━━━ DATASET CONTENT ━━━

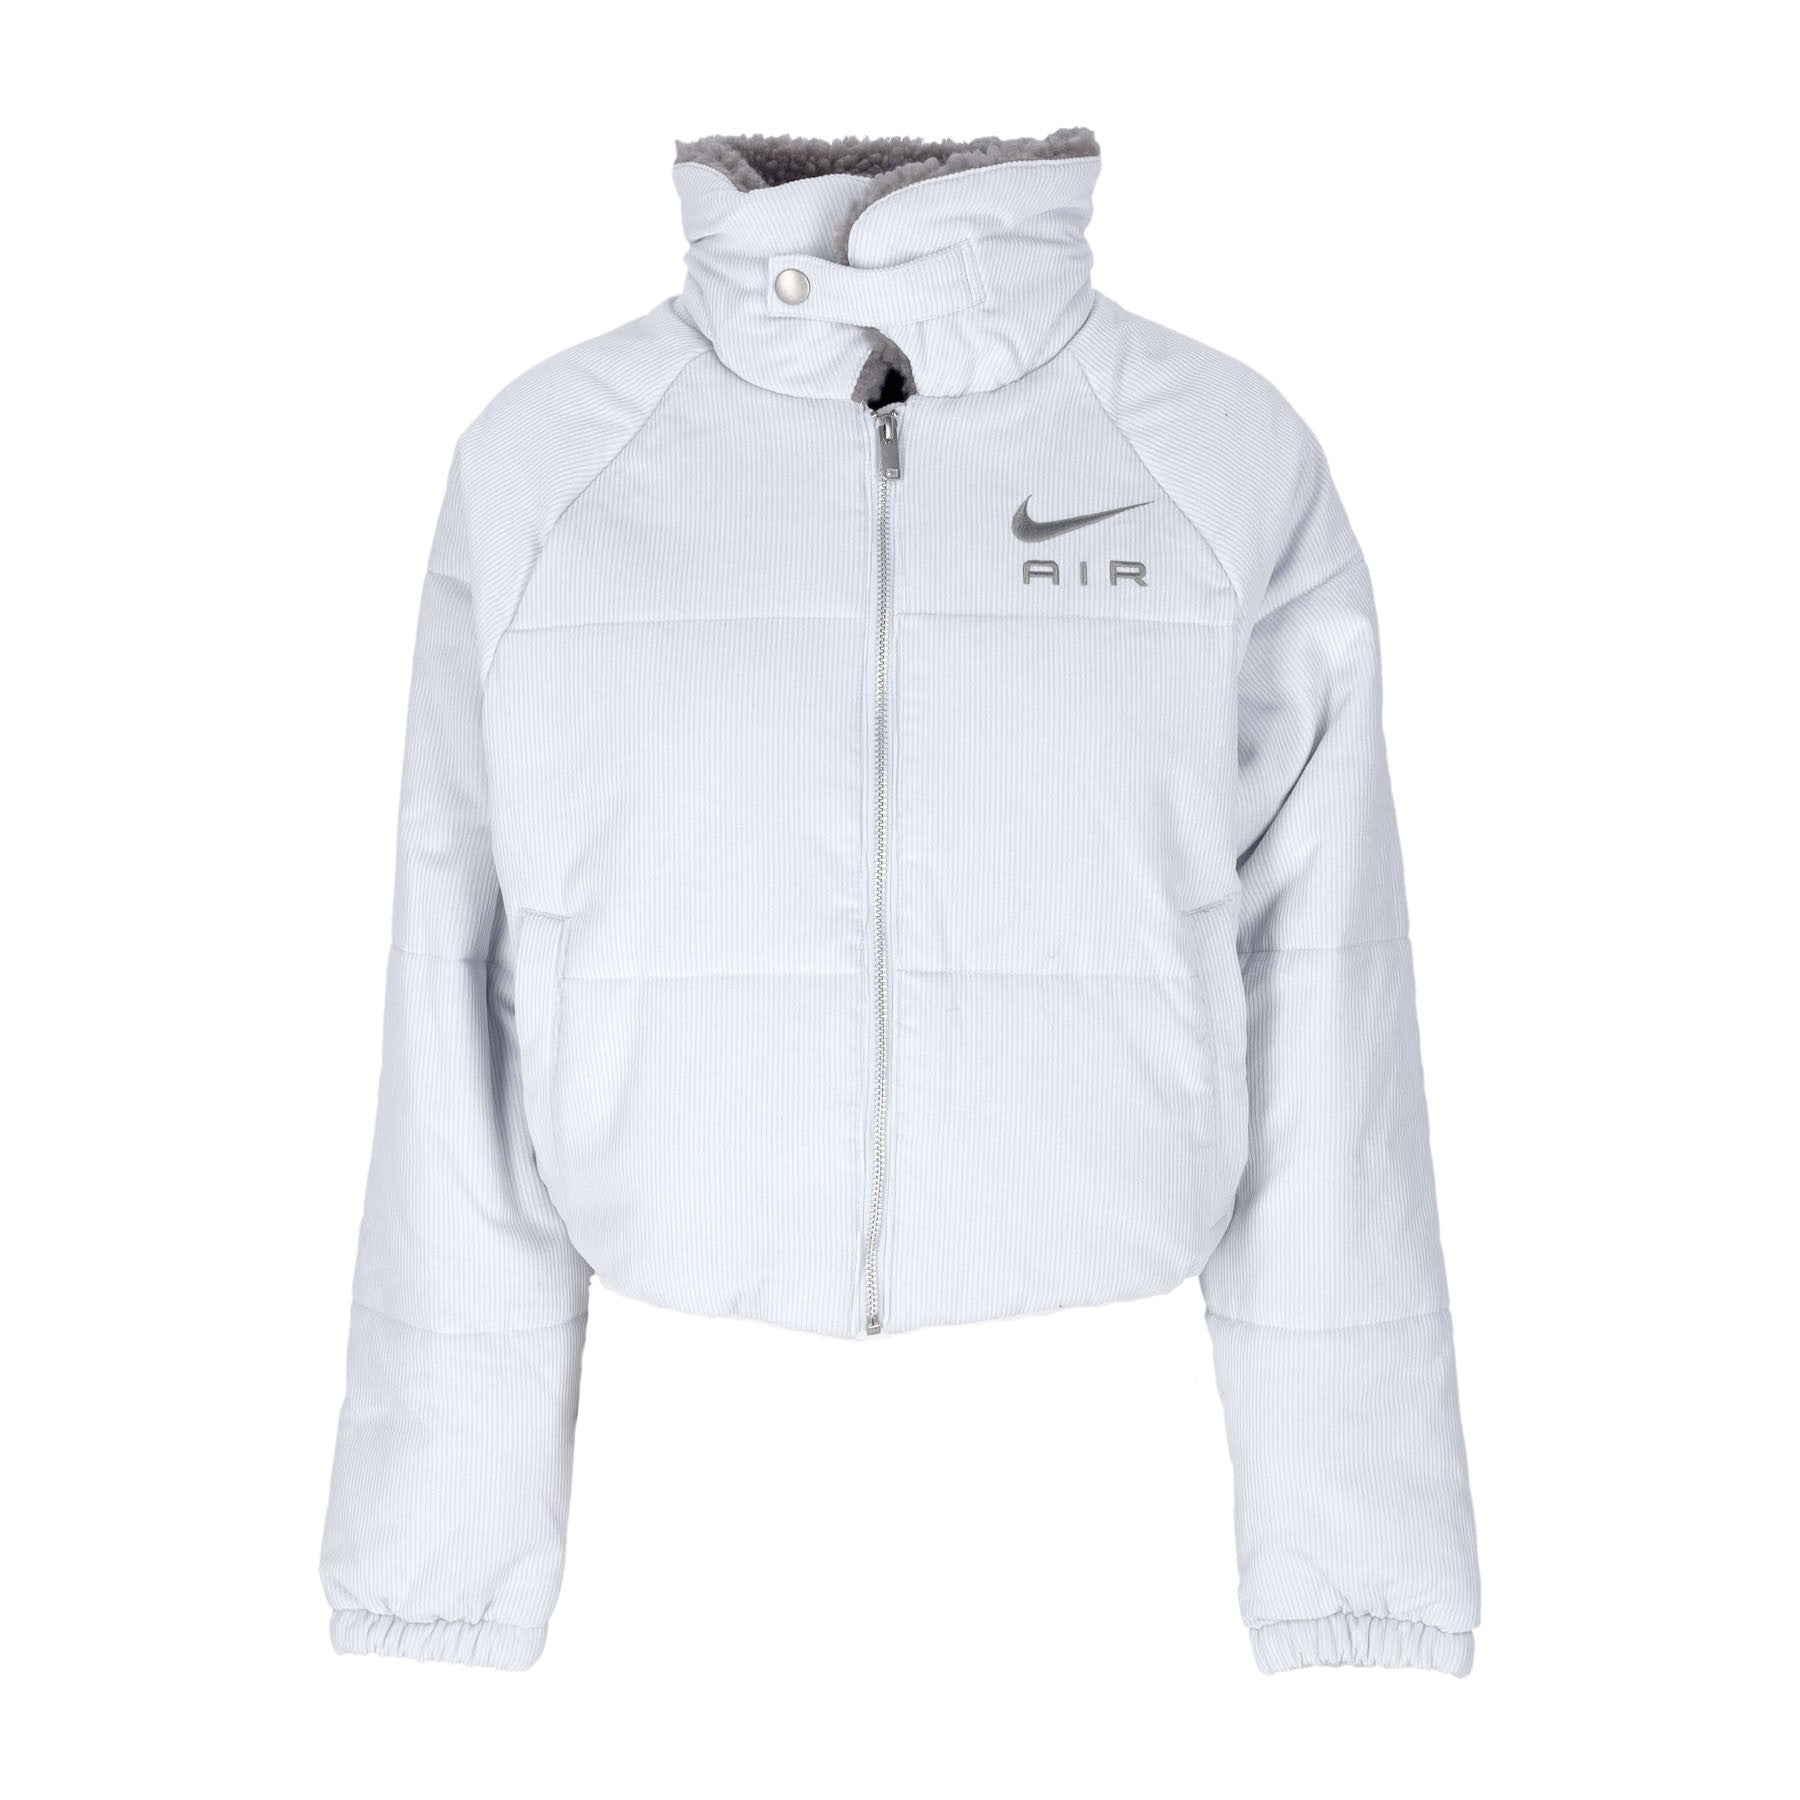 Nike, Giubbotto Corto Donna Sportswear Air Therma-fit Corduroy Winter Jacket, Pure Platinum/flat Pewter/flat Pewter
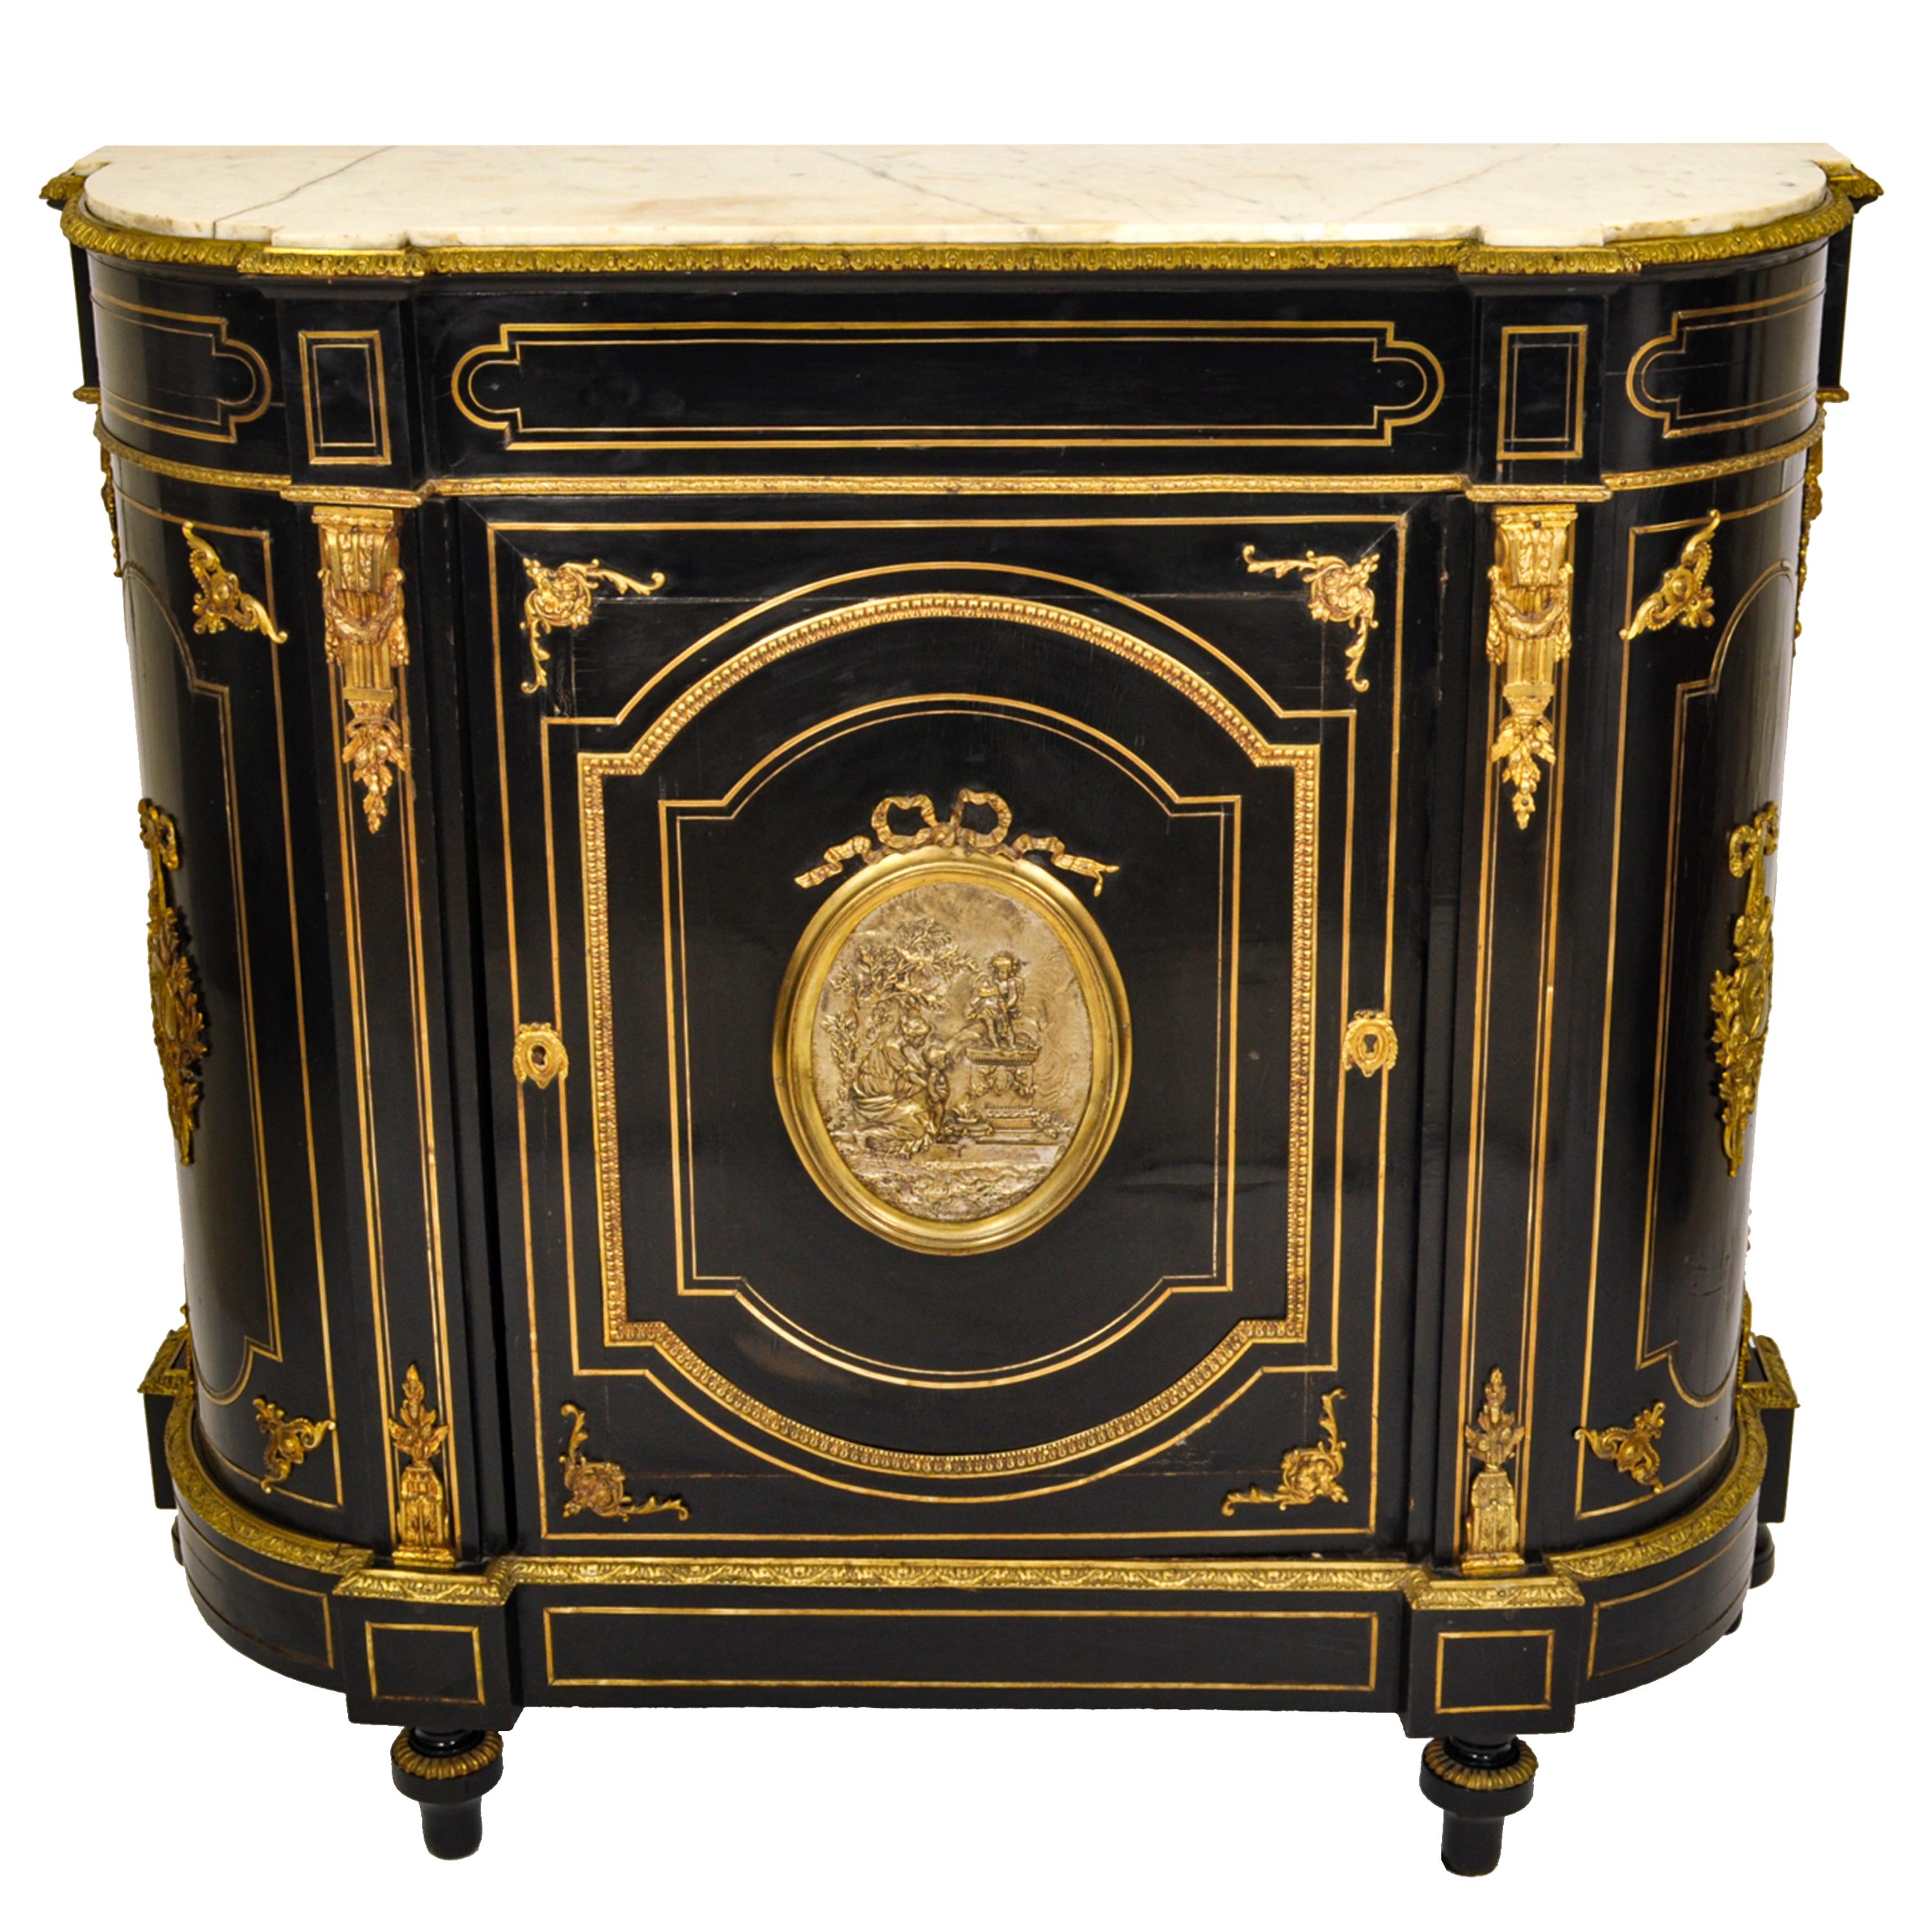 A fine & elegant antique French gilt bronze and ebonized Napoleon III cabinet, circa 1860.
The cabinet having a white Cararra marble top inset into an ebonized cabinet, the cabinet is sumptuously decorated with gilt bronze mounts, corbel brackets,

━━━

Pictures aside, please output the whole listing exactly as it appears above.

 Nike, Giubbotto Corto Donna Sportswear Air Therma-fit Corduroy Winter Jacket, Pure Platinum/flat Pewter/flat Pewter
 A fine & elegant antique French gilt bronze and ebonized Napoleon III cabinet, circa 1860.
The cabinet having a white Cararra marble top inset into an ebonized cabinet, the cabinet is sumptuously decorated with gilt bronze mounts, corbel brackets,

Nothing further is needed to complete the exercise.